Бывал в гостях у Картенева. Взаимоотношения Виктора с женой Аней его поражали. Иногда он становился попросту в тупик: "Есть же, должна же быть какая-то граница между эмансипацией и свободой жены в семье? Или эмансипация здесь ни при чем, а все зависит от того, есть ли любовь? Так или иначе, но Картенев вот уже полгода как в Дели. А Аня, судя по всему, пока не собирается менять климат умеренный на тропический. Для нее, как и для очень многих аспирантов, сузился мир на три года до предела: "Диссертация. Научный руководитель. Минимум. Сдал не сдал. Библиотека. Рецензии. Публикации. Оппоненты. реферат. шары белые (черные). Защитился (не защитился). ВАК. Банкет"...

О причине разрыва Раджана с отцом Картенев узнал по приезде в Дели: отказ жениться ради денег. отказ продать подороже (но все же – продать!) себя. Именно такой брак готовил Раджану его отец.

Раджан, стоя рядом с Виктором, думал о только что встреченной американке. О ее глазах. О том, уедет ли она вместе с отцом в Штаты или пробудет еще какое-то время в Индии. О том, что в понедельник за ленчем он, скорее всего, встретит ее вновь...

Картенев, повернувшись к торговцу сигаретами, неожиданно увидел рядом с собой советника Раздеева. Тот оживленно беседовал с двумя незнакомыми Картеневу мужчинами.

Закурив, Картенев еще раз бросил взгляд на Раздеева.

Именно он – советник по культуре Семен Гаврилович Раздеев первым приветил его в посольстве.

... Вот Виктор и прибыл в Дели, столицу Индии, столицу могучего древнего государства, о поездке в которое не раз мечтал. о котором столько было прочитано, столько переговорено Картеневым и его друзьями по институту, родному МГИМО...
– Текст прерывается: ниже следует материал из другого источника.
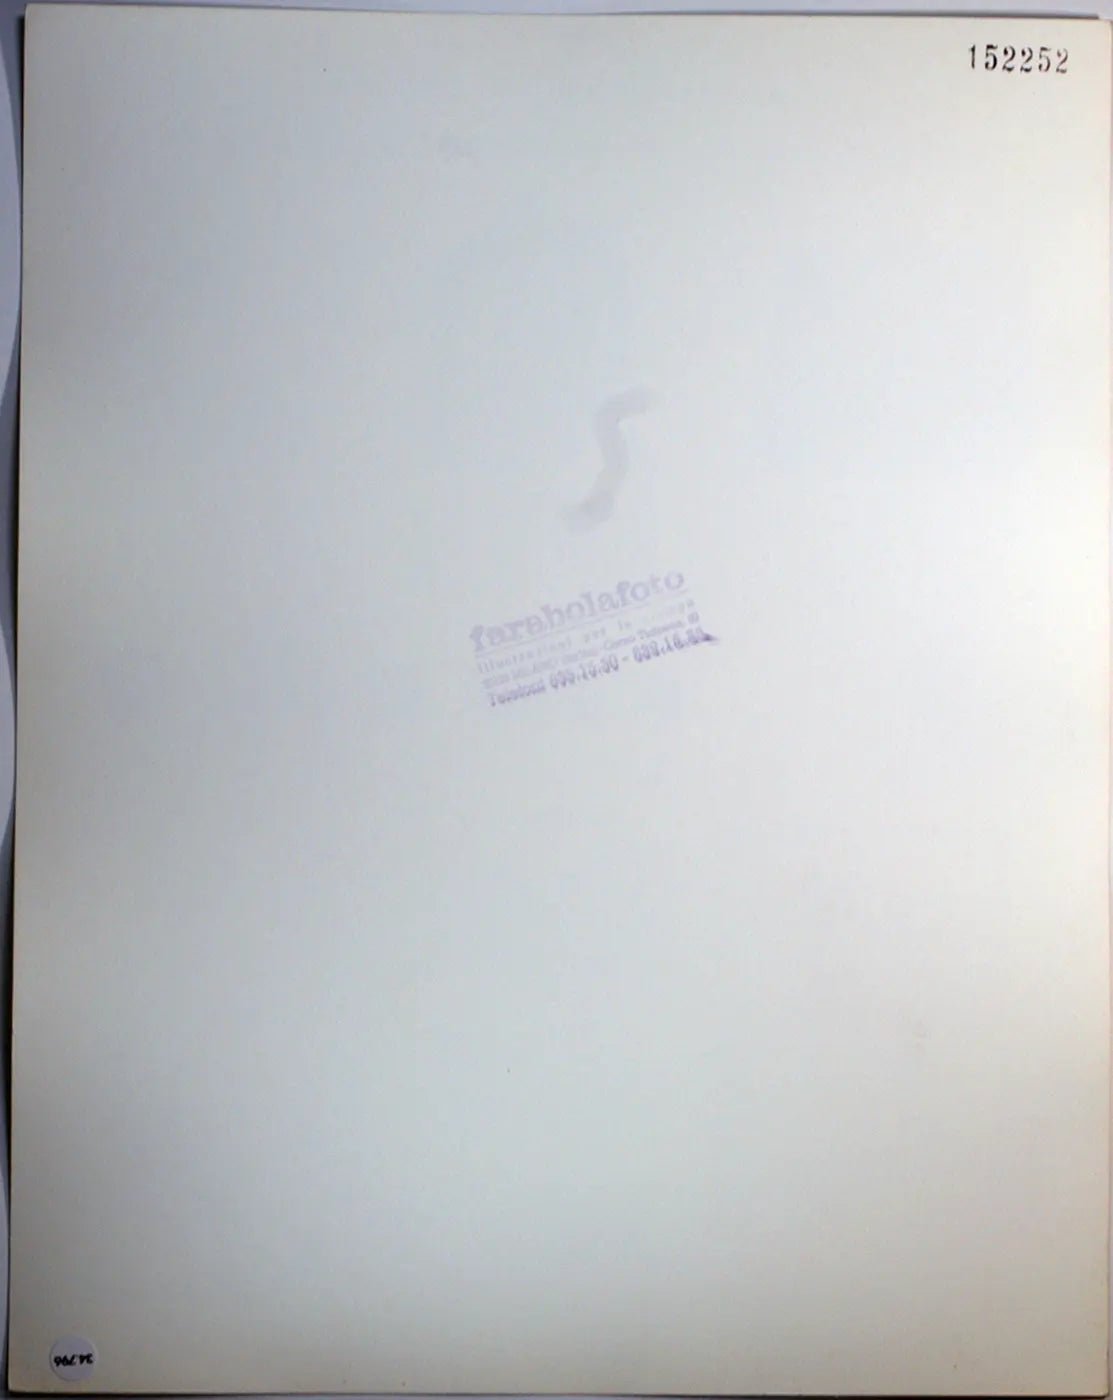 Pubblicità Latrine alla turca Ft 34796 - Stampa 30x24 cm - Farabola Stampa ai sali d'argento

Он сошел с самолета и сразу же попал в первоклассный, современный аэропорт Палам. Были, конечно, и разноцветные восточные одежды; и кричащая, шумящая, куда-то спешащая толпа; и черные, как уголь, носильщики; и въедливые рекламы, которые требовали покупать рубашки только такой-то фирмы, и остановиться только в таком-то отеле, и отдыхать только на таком-то горном курорте.

И пальмы были. И громадные манговые деревья, кольцом обступившие здание аэропорта. И даже обезьяны были – обезьяны нахально расхаживали по крышам строений возле аэродрома. И попугаи стаями носились тут же, зеленые, красные, синие, желтые! Ну и, конечно, магазинчики сувениров: резьба по дереву, по кости, чеканка по серебру и золоту – различного рода поделки ремесленников. И – чего там только не было...

Несколько озадачил Картенева скучающий вид атташе из консульского отдела посольства, который его встречал. Он держался так, будто ничего удивительного кругом не было. Но потом Виктор подумал, что атташе, видимо, живет здесь давно, ему приходится чуть ли не ежедневно встречать людей, прибывающих в Индию, и он просто перестал замечать то, что вокруг, да и самих людей.

Удивила навязчивая придирчивость таможенника. Вежливо, даже застенчиво улыбаясь, он начал задавать пассажиру, который шел перед Виктором, вопросы: "Имеет ли сэр иностранную валюту? Имеет ли сэр транзисторный приемник? Имеет ли сэр магнитофон? Имеет ли сэр бриллианты?.." В машине Картенев поинтересовался причиной такой подозрительности таможенников. Атташе усмехнулся и сказал, что здесь не проходит и дня без того, чтобы не были задержаны контрабандисты профессионалы или любители, – пытающиеся протащить через границу золото, жемчуг, наркотики.

– Третьего дня, – добавил он, – был задержан посол одной из южноамериканских стран. "Чрезвычайный и полномочный" пытался провезти в Индию около шестисот золотых швейцарских часов...

Они ехали по широкому полупустынному шоссе, по обеим сторонам которого раскинулись прямоугольники полей. Изредка встречались маленькие домики, хижины, лачуги.

– Отличное шоссе, – сказал Виктор, обращаясь к своему соседу.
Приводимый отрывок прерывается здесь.